Il paesaggio Lucchese - Lucca - EN 8
CAMMINO – I LUOGHI DI CATARSINI

Lucca is one of the rare cities protected by a continuous wall, accessible via a 4-kilometer suspended walkway. Built during the Renaissance (1513-1650), they are a true urban park: small museums housed in barracks reveal fascinating curiosities about the city’s history, such as the oldest mint in Europe, the crossbowmen who compete in the Palio every year in honor of the patron saint and the Holy Cross, the small but interesting Botanical Garden, and the 19th-century Caffè delle Mura, which ultimately established the walls as an urban park.
Today, they are a favorite spot for Luccans to relax, stroll, and practice sports. For enthusiasts, there’s also a delightful botanical walk among elms, plane trees, tulip trees, the tulip tree, and many others. Poplars, elms, and holm oaks are the native species of this area, found on the oldest bastions or in some areas that have remained unchanged. Lime trees, plane trees, tulip trees, oaks, hackberries, and even some unique plants, including a towering copper beech, a rare South American cypress, a hornbeam grove, a group of holm oaks in a “ragnaia,” catalpa trees (the cigar tree), and a rich collection of magnolias that descend from the Walls to Corso Garibaldi and, in spring, are one of the city’s most anticipated blooms.
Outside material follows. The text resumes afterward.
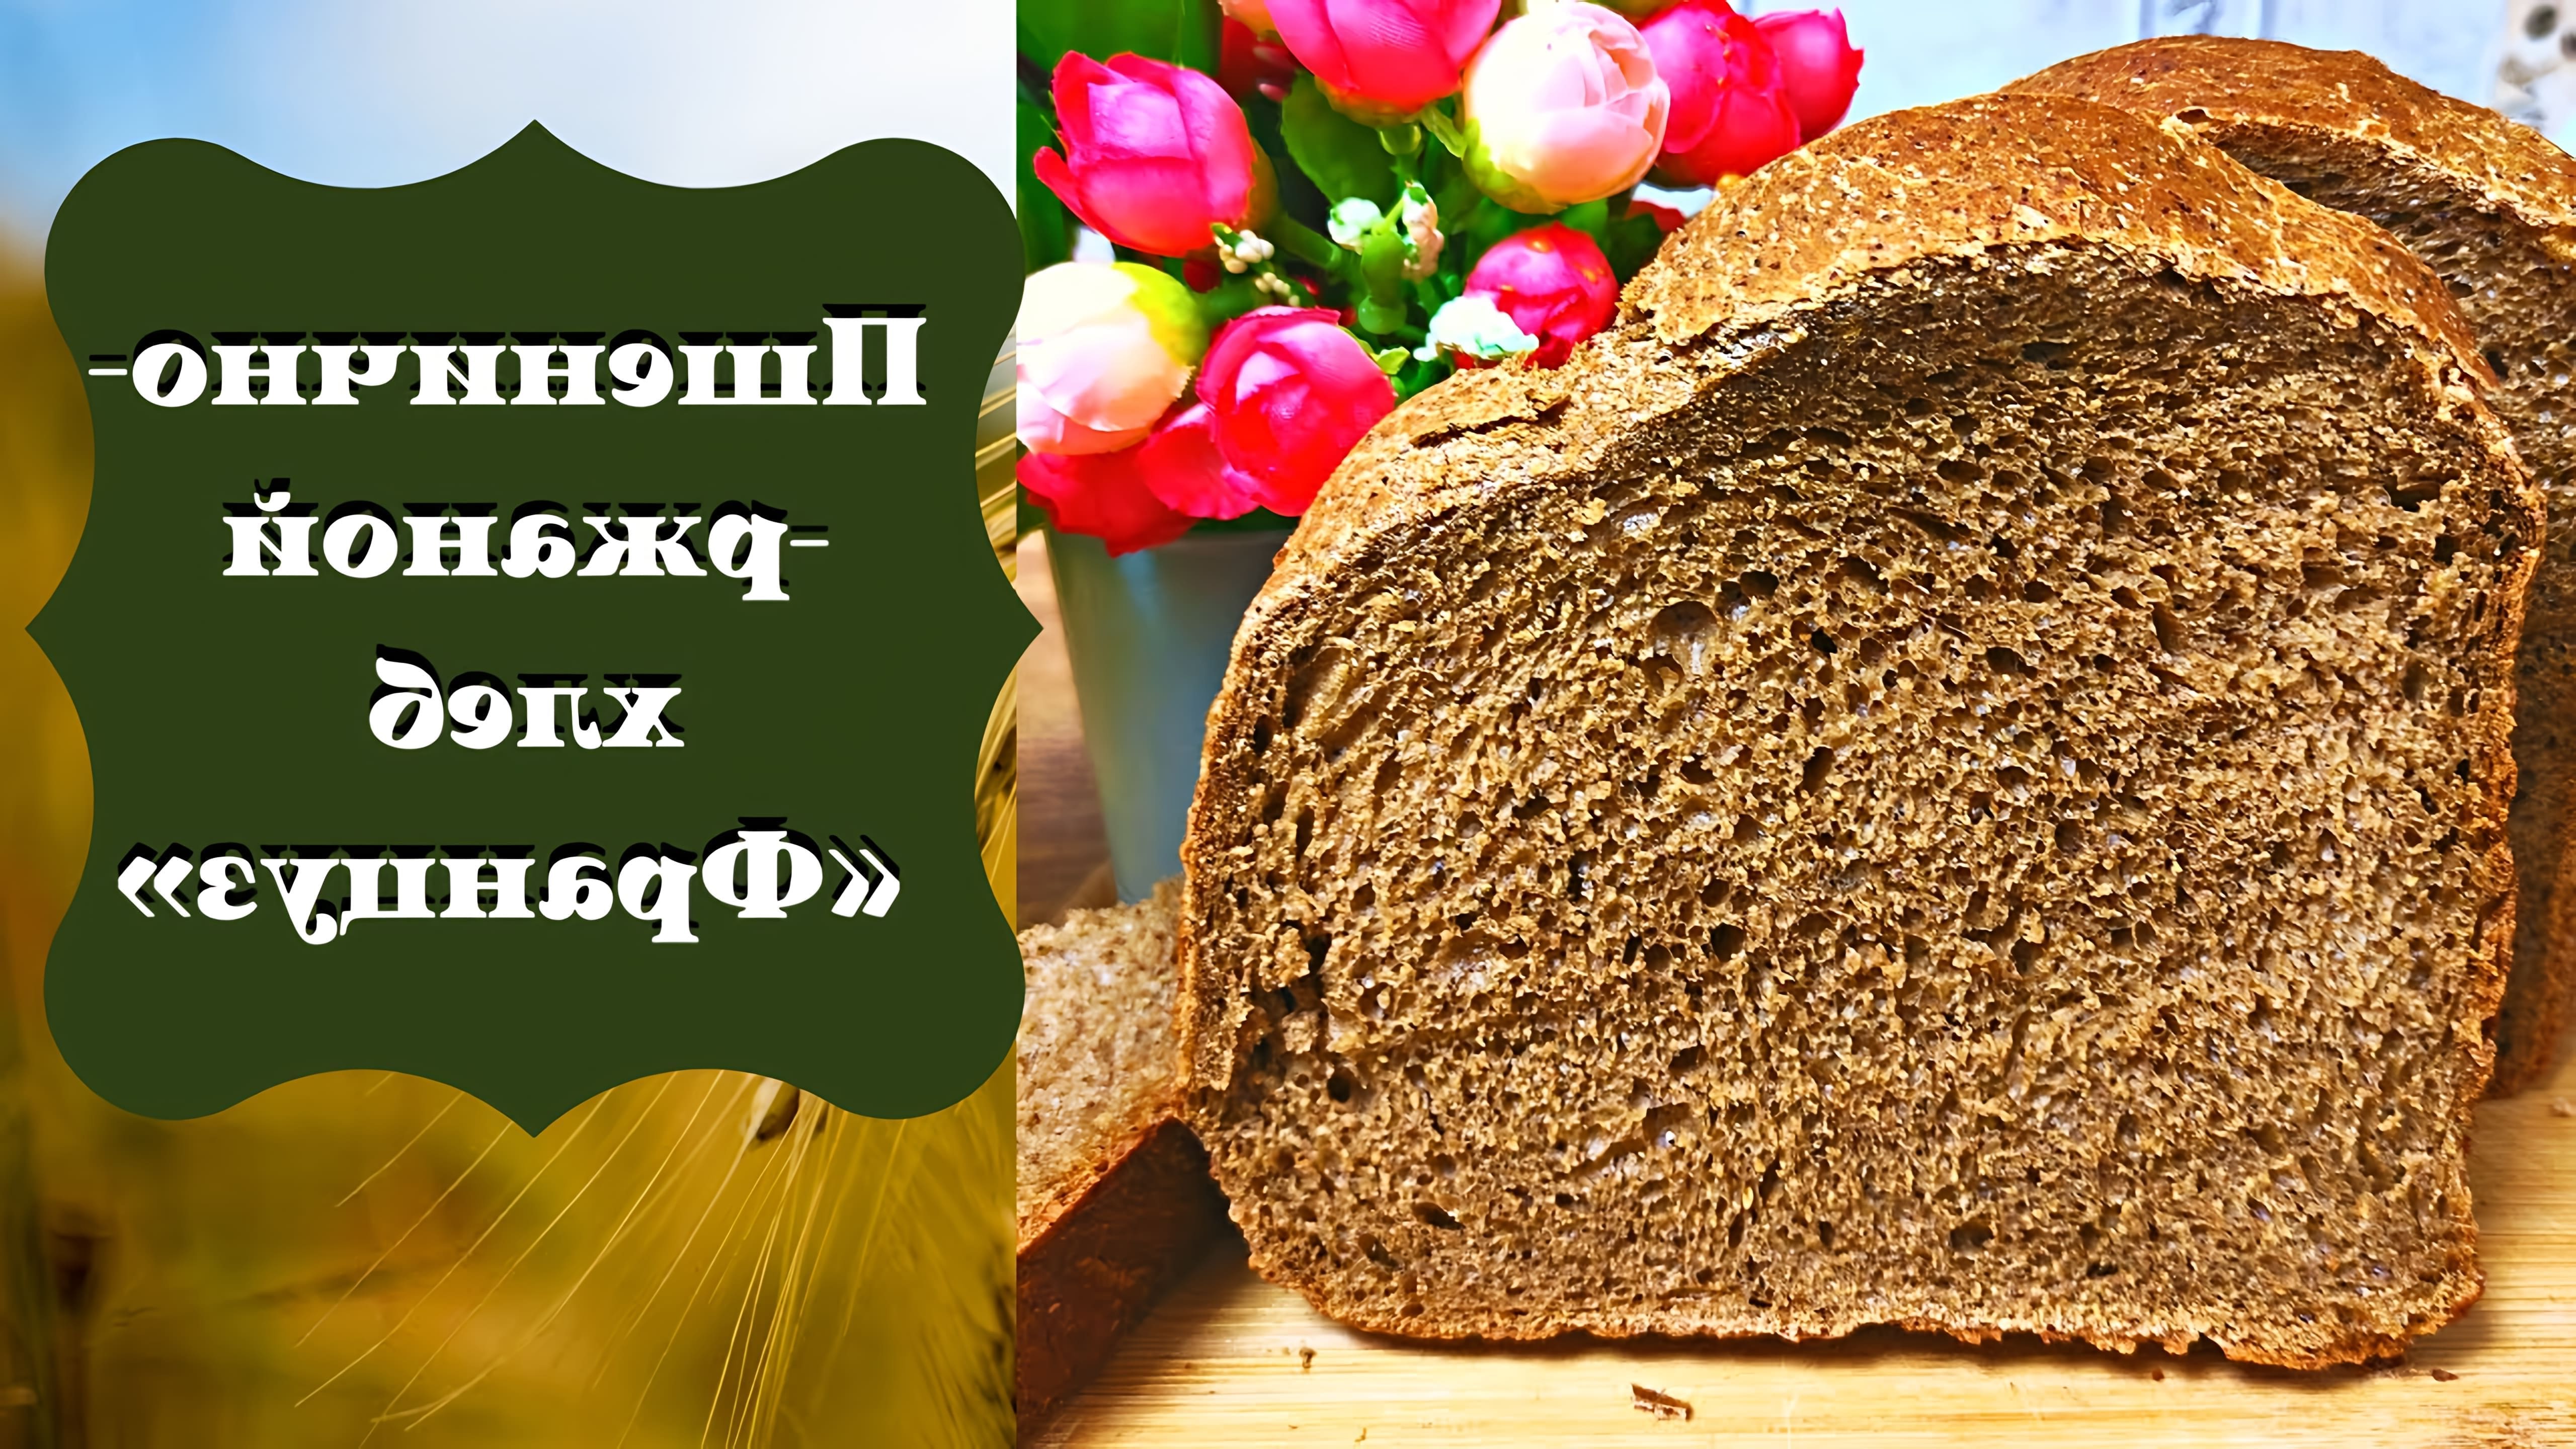 В этом видео демонстрируется процесс приготовления ржано-пшеничного хлеба "Француз" в хлебопечке

Scattered throughout the countryside surrounding Lucca’s city center, you can visit extraordinary villas of noble Italian families and great art patrons, boasting an almost unique architectural style and splendid gardens reminiscent of the much more famous ones at Versailles. These include Villa Reale di Marlia, Villa Olivia-Buonvisi, Villa Grabau, Villa Mansi, Villa Torrigiani, Villa Mazzarosa, Villa Bernardoni, and Villa Garzoni.
THE PARKS
Our route passes several parks, including the three main ones: the Apuan Alps Regional Natural Park to the north, the Migliarino, San Rossore, and Massaciuccoli Regional Parks to the south, and the entire coast overlooking the International Sanctuary for Marine Mammals.
The Apuan Alps Regional Natural Park
Since 2012, it has been part of the UNESCO Global Geoparks network. This protected natural area includes: Garfagnana (territories belonging to the province of Lucca, located on the inland slope of the Apuan Alps), Massa Carrara (territories belonging to the province of the same name), and Versilia (territories of the Province of Lucca on the maritime slope of the Apuan Alps). Four-fifths of the park belong to the province of Lucca. Furthermore, in 2003, the Apuan Alps Regional Natural Park established the Apuan Alps Mining Archaeology Museum System. Of historical interest are testimonies of the Gothic Line, the partisan struggles, and the Second World War, such as the Sant’Anna di Stazzema National Peace Park and the Monte Brugiana Resistance Park. The park also includes the famous marble quarries, where Michelangelo’s favorite white statuary marble is extracted. Versilia boasts a long mountaineering tradition, and excursions are organized in every season. From a hiking, mountaineering, and speleological perspective, the Apuan Alps are a valuable area, rich in paths, via ferratas (the Monte Procinto route, opened in 1893, is the oldest in Italy), climbing routes, and karst caves, often threatened by the quarries. The Antro del Corchia attracts speleologists from around the world. In 2021, the Italian Alpine Club (CAI) proposed establishing an Apuan Cultural Park.
The International Sanctuary for Marine Mammals (Pelagos Sanctuary)
Contrary to popular belief, Versilia faces the Ligurian Sea, not the Tyrrhenian Sea, and the surrounding waters are part of the International Sanctuary for Marine Mammals (Pelagos Sanctuary), as is the Tuscan Archipelago National Park, which is considered the largest marine park in the Mediterranean because it includes seven islands, numerous islets, and rocks that emerge from a large stretch of the Tyrrhenian Sea. The International Marine Mammal Sanctuary (Pelagos Sanctuary) is an international protected area established in 1999 thanks to an agreement between Italy, France and the Principality of Monaco, by which the three signatory countries undertake to protect marine mammals and their habitat, protecting them from the direct or indirect negative impacts of human activities. It is a 96,000 km2 quadrilateral marine area north of the Tyrrhenian Sea, which extends around the islands of the Tuscan Archipelago and is bordered by Provence (Giens Peninsula in France), Punta Falcone in northwestern Sardinia, Capo Ferro in northeastern Sardinia and Fosso Chiarone in Tuscany. Due to the richness of plankton and pelagic life, during the summer months there is an extraordinary presence of cetaceans of all species frequenting the Mediterranean. In 2012, Viareggio was the second Italian signatory of the Partnership.